Licença-Paternidade é também uma demanda feminina

A volta do pai ao trabalho muito cedo, além de trazer sentimentos ruins para as mães, também pode dificultar a criação do vínculo de afeto e cuidado entre pai e filho

por Lara Tôrres dom, 12/08/2018 - 11:30

O nascimento ou adoção de um bebê ou criança é um momento especial e importante para um casal. Ao nascerem, junto com a chegada das crias, pais e mães que precisam aprender a desempenhar esse novo papel em suas vidas. 

Quando se trata de filhos biológicos, além de todas as dificuldades trazidas pelo desafio de aprender a cuidar de uma criança em tempo integral, fatores como hormônios da fase de puerpério, a privação de sono e o cansaço físico também tornam os primeiros momentos de vida do bebê muito intensos. 

As mães, em especial, têm uma carga física e emocional mais pesada devido à necessidade da amamentação e às pressões sociais em torno da maternidade.
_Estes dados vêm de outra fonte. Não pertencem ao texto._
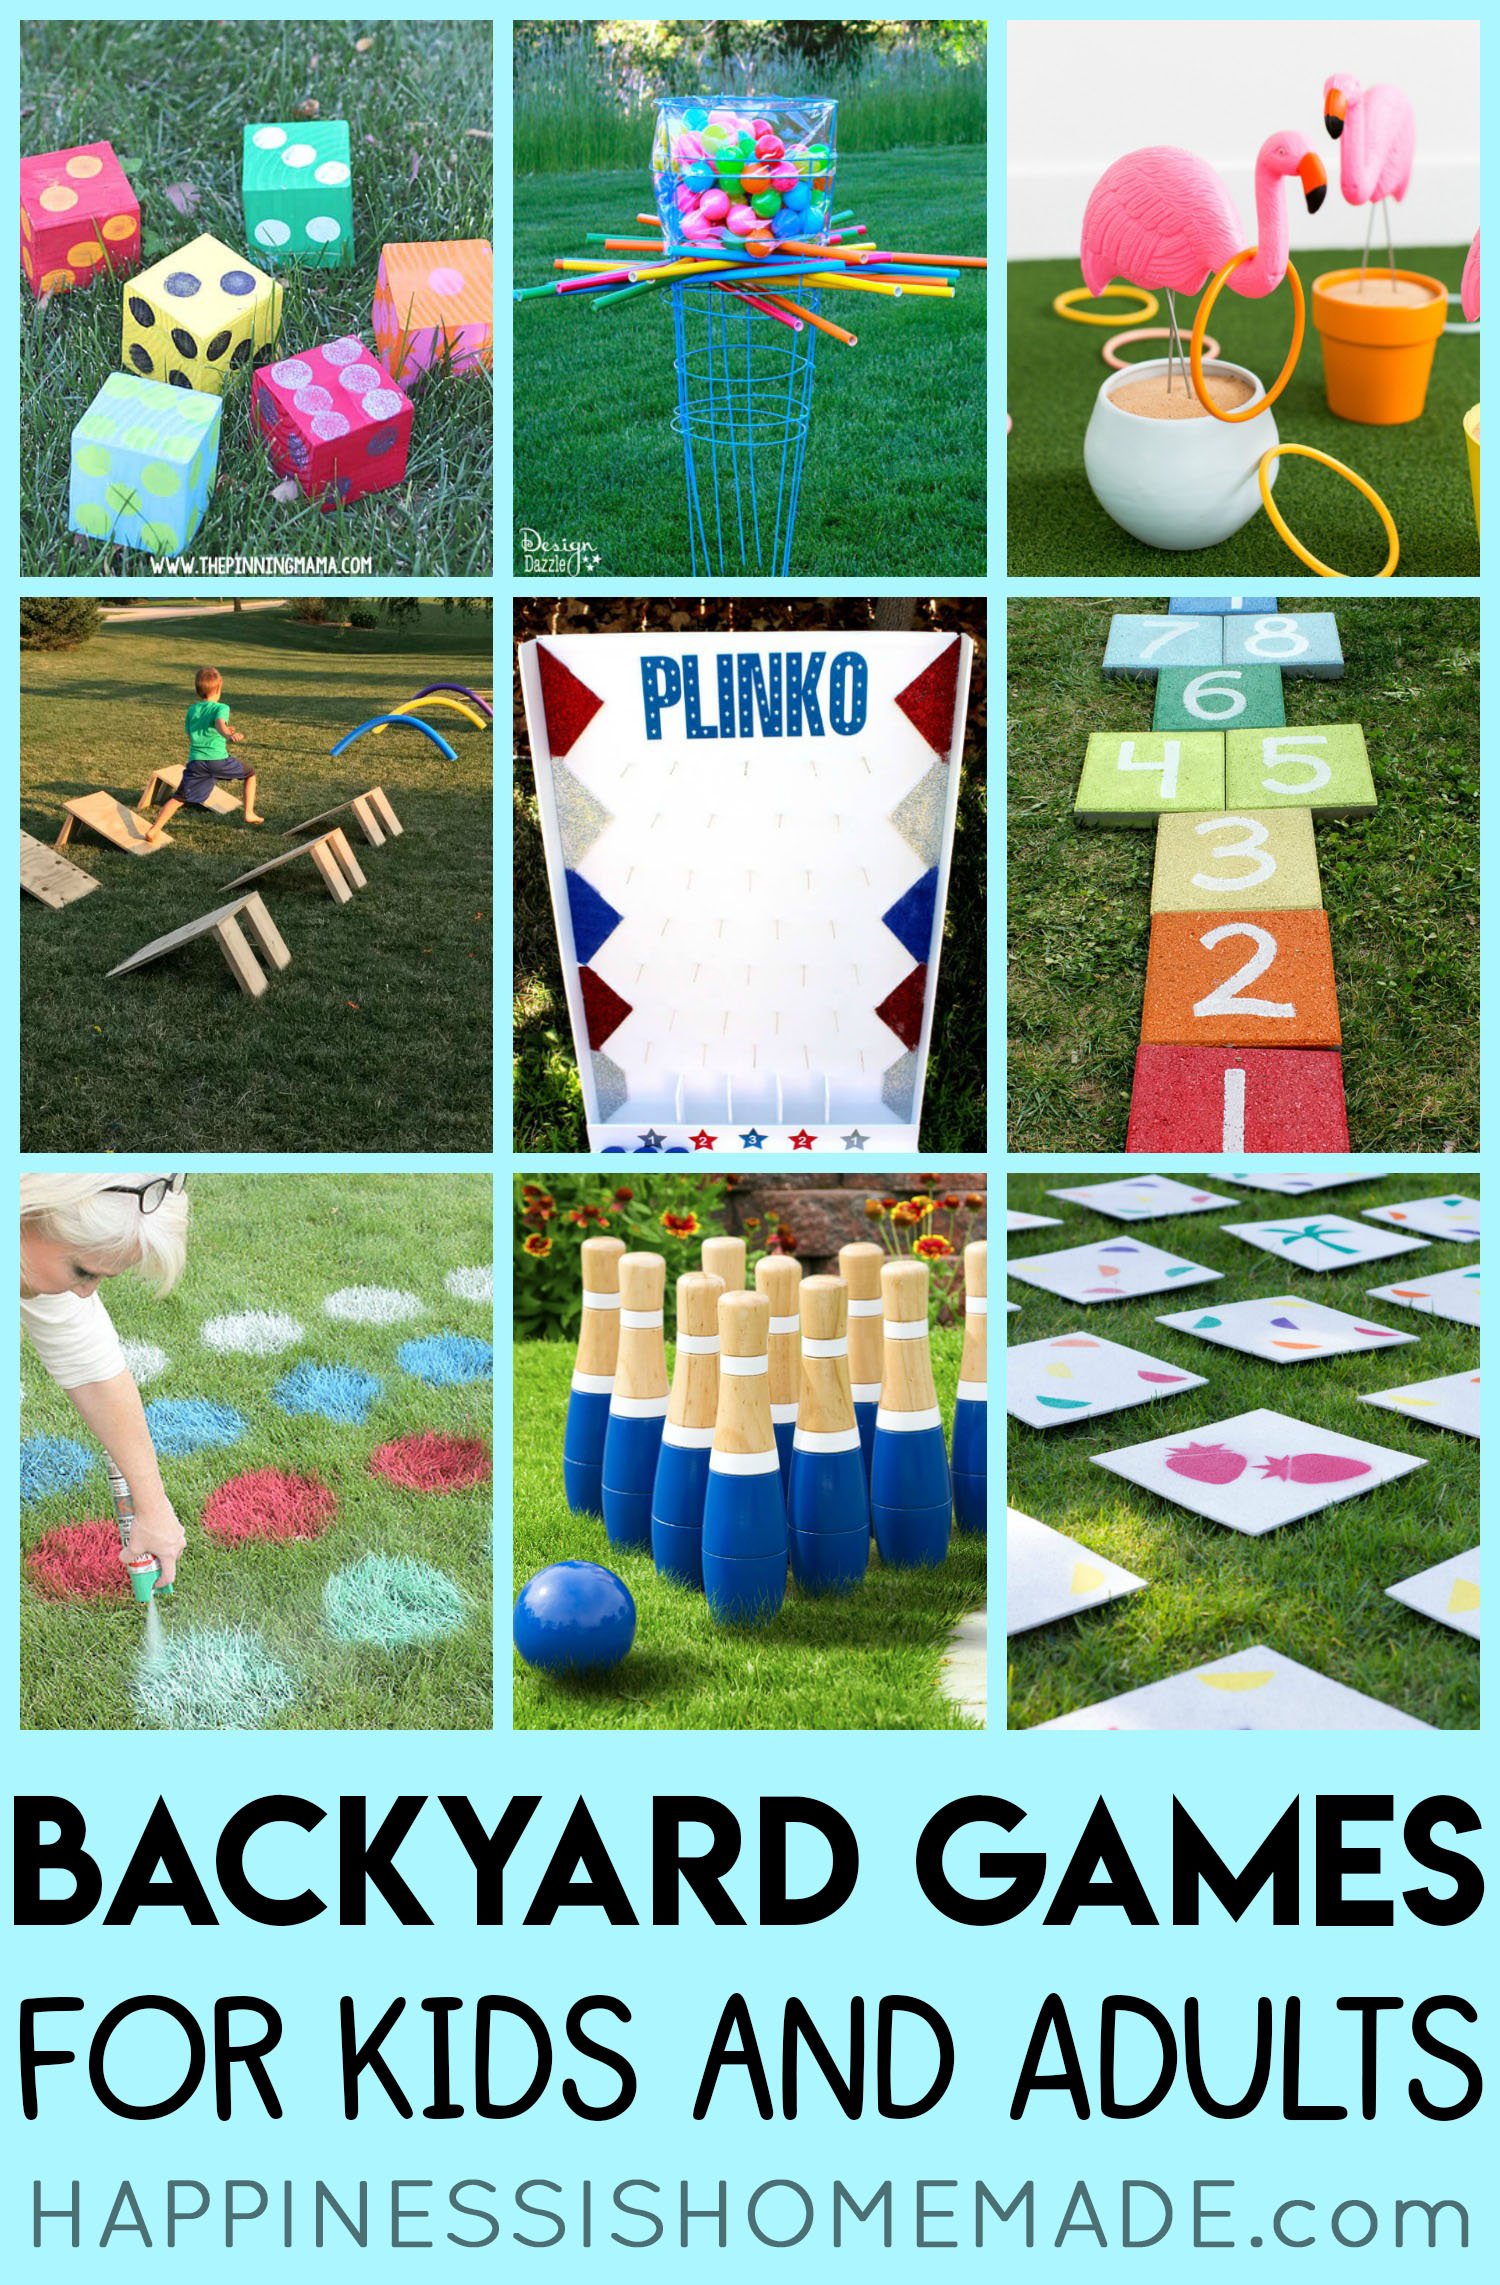 backyard games for kids and adults

Em um cenário de muitas emoções, hormônios, medos, amor e cansaço, contar com a presença do companheiro para dar conta do cuidado com a criança e com a casa é essencial para que a mulher não fique sobrecarregada. 

A volta do pai ao trabalho muito cedo, além de trazer sentimentos ruins para as mães como, por exemplo, desamparo e solidão, também pode dificultar a criação do vínculo de afeto e cuidado entre pai e filho, dificultando a volta materna à sua rotina de antes do nascimento e à sua carreira, devido à preocupação com quem cuidará dos filhos na sua ausência. 

Essa realidade faz com que a ampliação da licença-paternidade e sua equiparação com o tempo que é concedido às mães ssejam pautas amplamente defendidas pelas mulheres dentro e fora dos movimentos feministas, sendo entendida como uma forma de promover uma mudança de cultura em que pais sejam tão responsáveis pelo cuidado com os filhos quanto as mães, tornando a paternidade mais ativa e a maternidade menos pesada. 

As dificuldades de passar o dia inteiro cuidando de uma criança pequena sem a presença do pai que precisou voltar ao trabalho foram grandes e causaram sofrimento à professora universitária Bárbara Bastos tem 38 anos e dois filhos com o seu marido, Tiago Franca Barreto, de 39 anos. 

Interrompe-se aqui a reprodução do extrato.